Democratic Mayor or Republican Mayor? The county mayor's race is nonpartisan -- on the surface
BY BRETT SOKOL
brett.sokol@miaminewtimes.com
Have you heard about John Kerry's secret connections to Fidel Castro? How about the hidden financial links between Teresa Heinz Kerry and the Cuban government? No? Derek Newton rolls his eyes, and with a laugh plunges his hand into the six-inch-deep sea of paperwork that covers his entire desk. As political war rooms go, Newton -- campaign manager for county mayoral aspirant Jimmy Morales -- certainly has the chaos part down. "The top layer is the most important," he quips, still fishing through the papers until -- voilà!-- he pulls out the latest issue of the Little Havana periodiquito Spotlight Internacional, which details all manner of communist perfidy emanating from the Democratic Party.
Ridiculous?
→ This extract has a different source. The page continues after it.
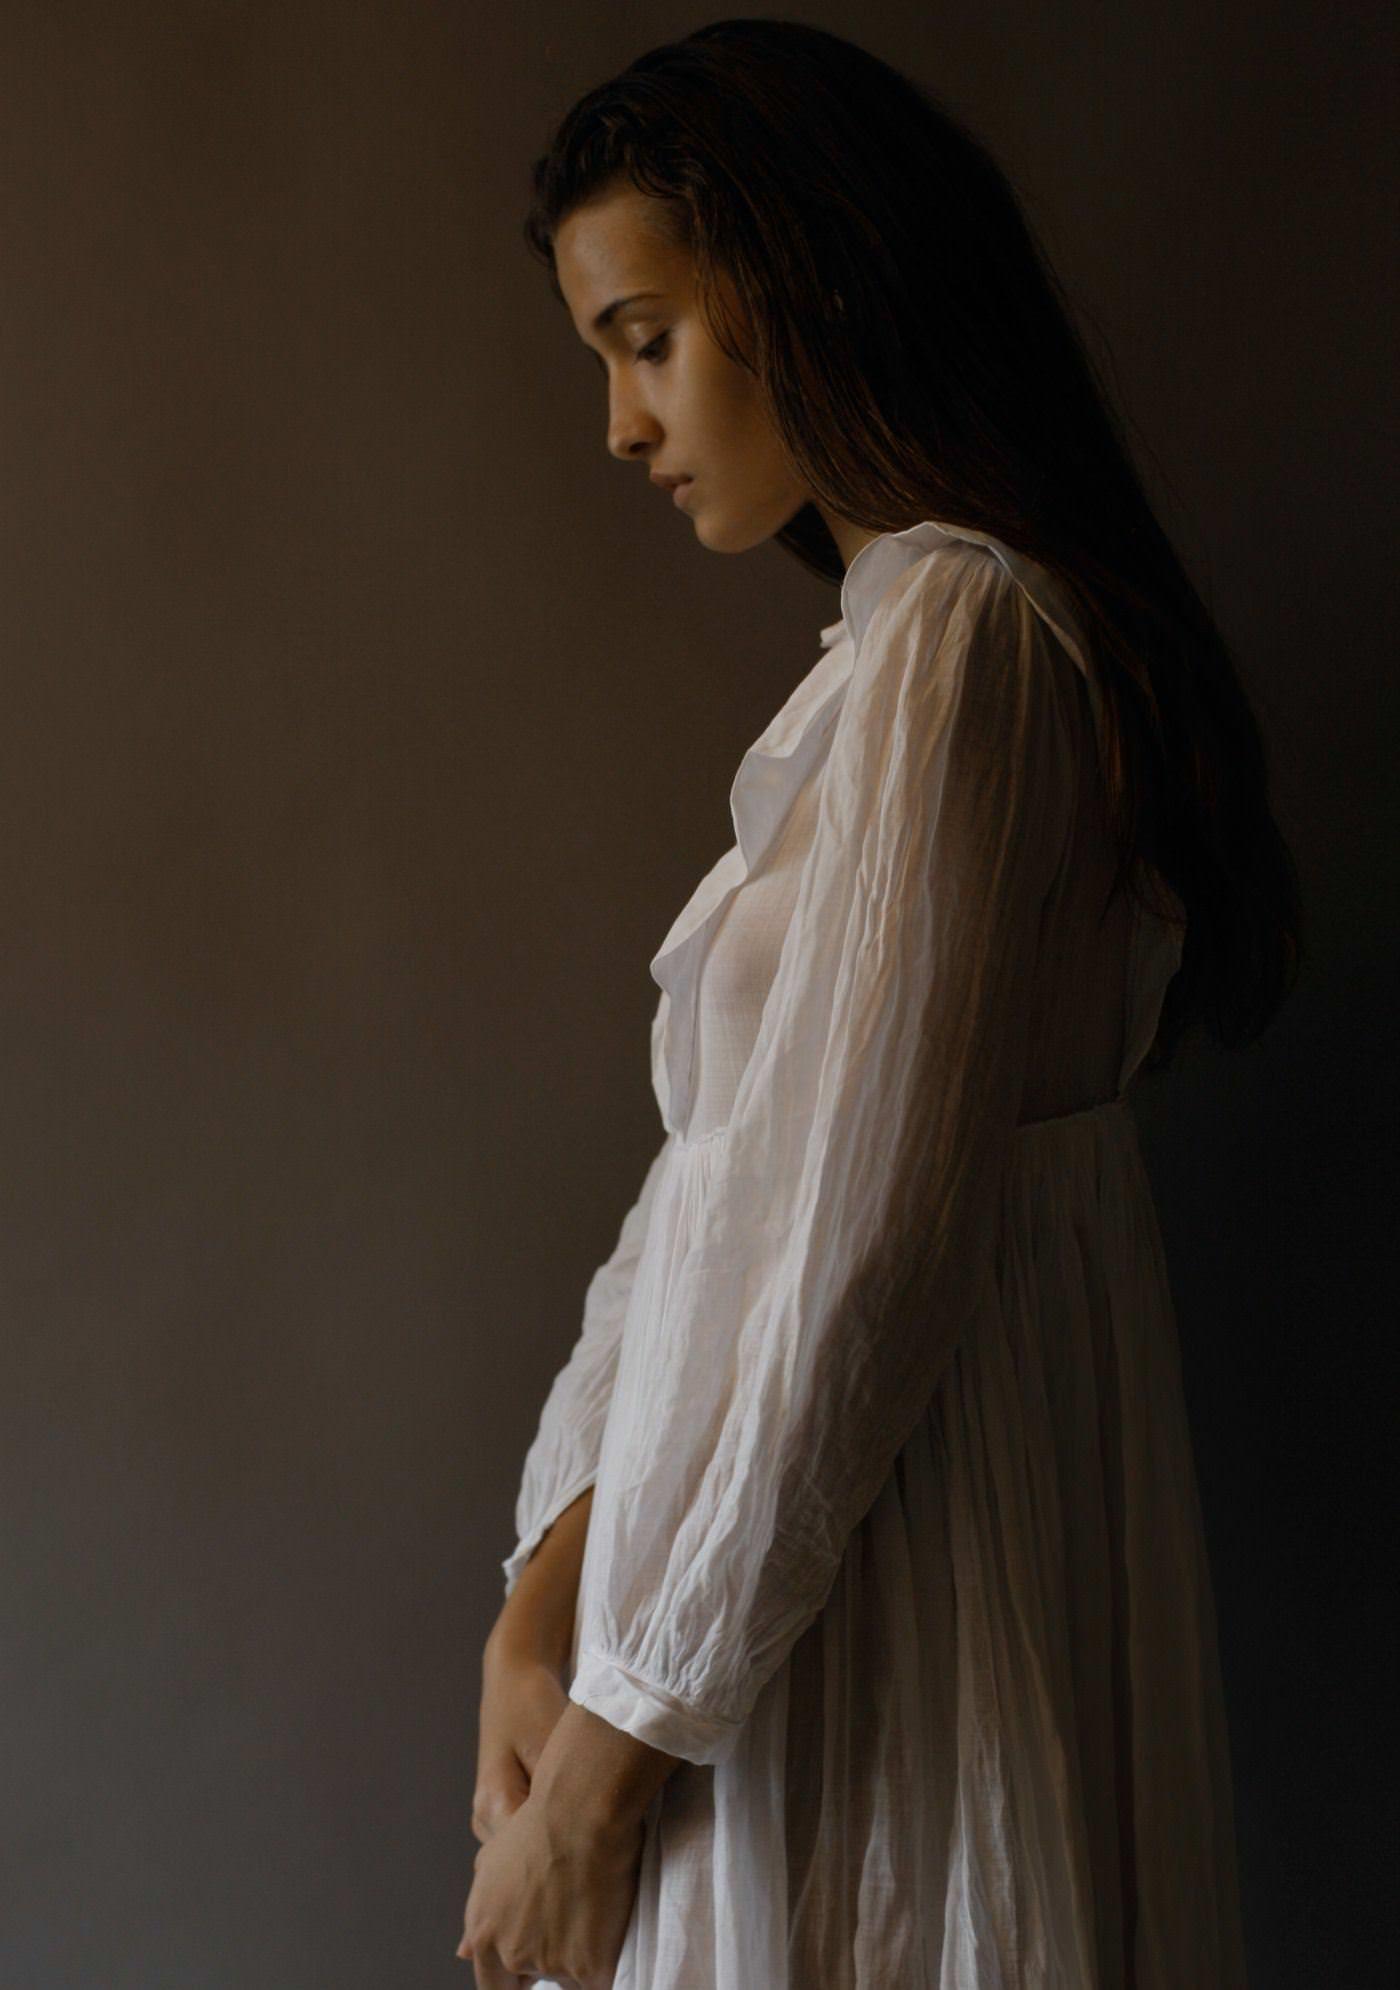 【外人】リサ・ソトニコブ(Lisa Sotnikov)が醸し出す妖艶なセミヌードポルノ画像 16145

Sure. But in a town where even the most bizarre rumor of a Castro association quickly jumps like a virus from the coffeeshop counter to the Spanish-language talk-radio airwaves, this summer's county mayoral hopefuls are taking every accusation seriously. Cuban-exile voters remain Miami's electoral kingmakers, and with more than 80 percent of el exilio's votes going to George W. Bush in 2000, staying on the right side of that equation -- literally and figuratively -- is crucial to victory.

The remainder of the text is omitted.